_Material provided_

────

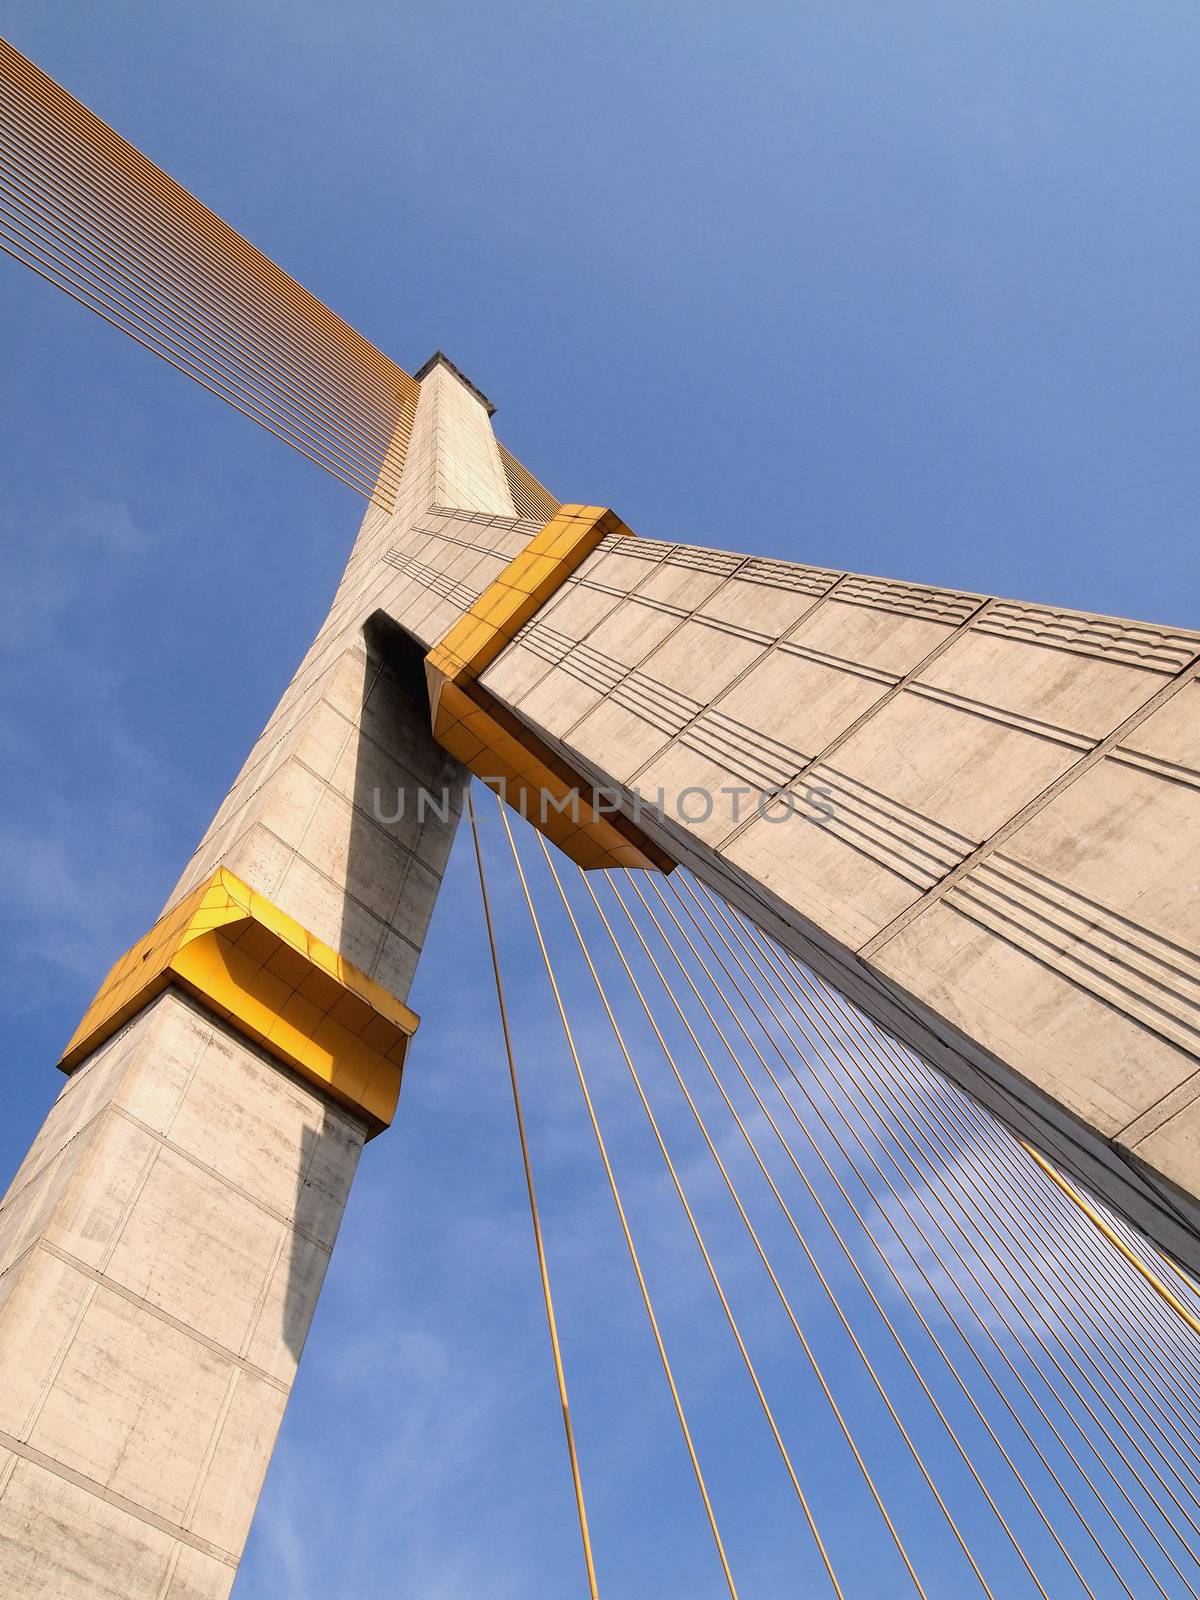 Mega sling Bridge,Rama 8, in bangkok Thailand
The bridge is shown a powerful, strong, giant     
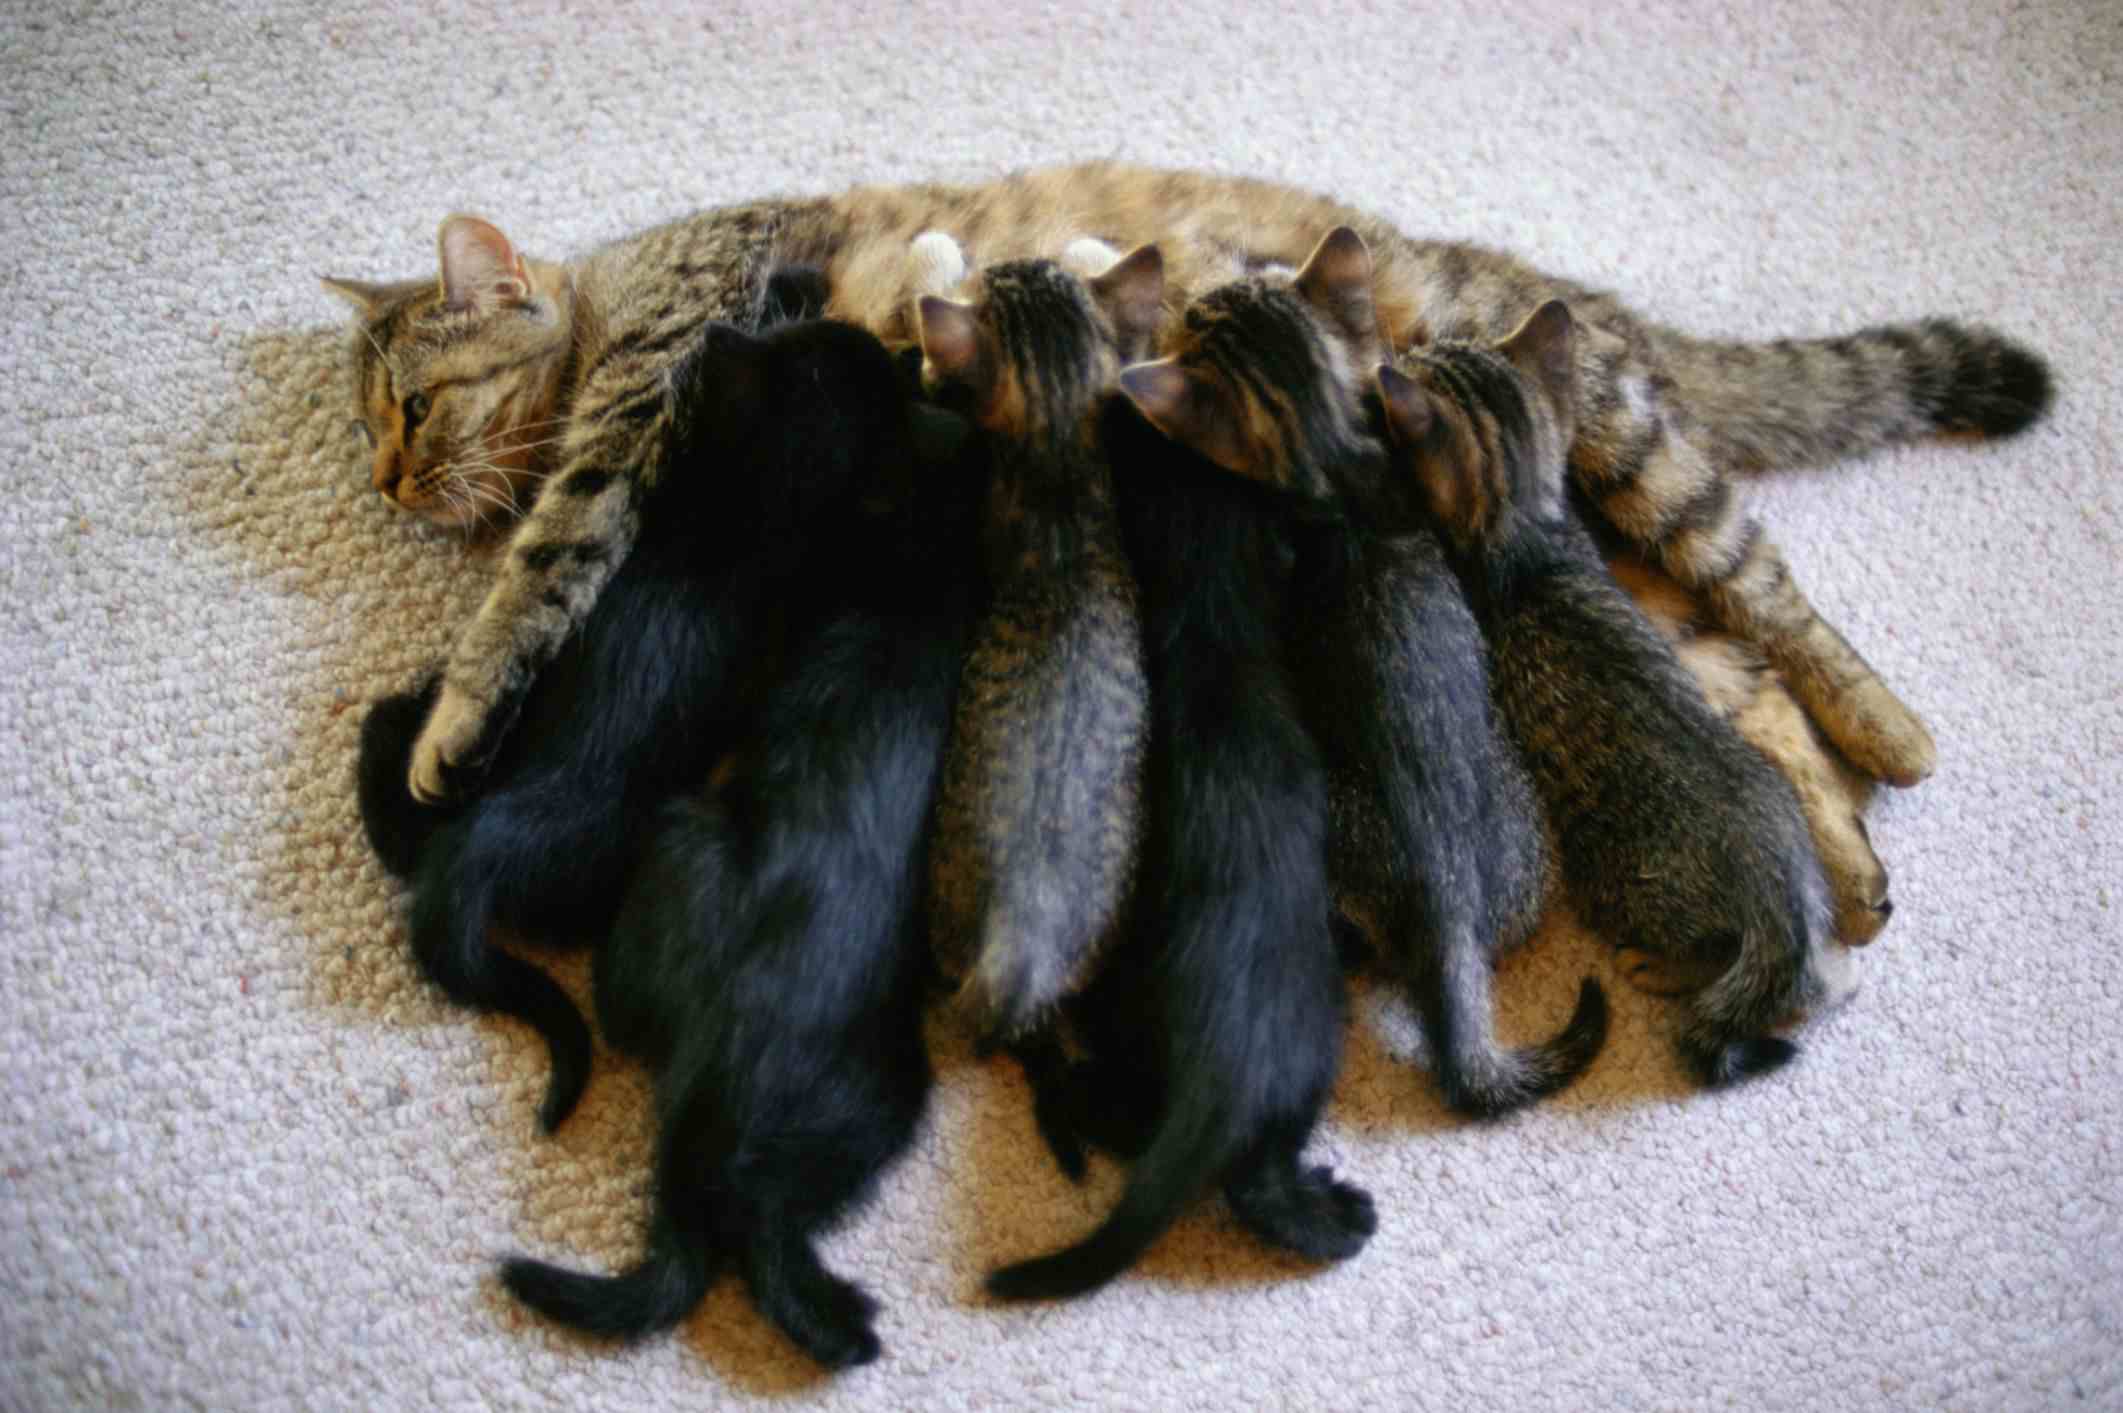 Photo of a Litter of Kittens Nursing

────

_What you need to do_
Please print the listing above again word for word, without its pictures.

_Answer to this problem_
 Mega sling Bridge,Rama 8, in bangkok Thailand
The bridge is shown a powerful, strong, giant     
 Photo of a Litter of Kittens Nursing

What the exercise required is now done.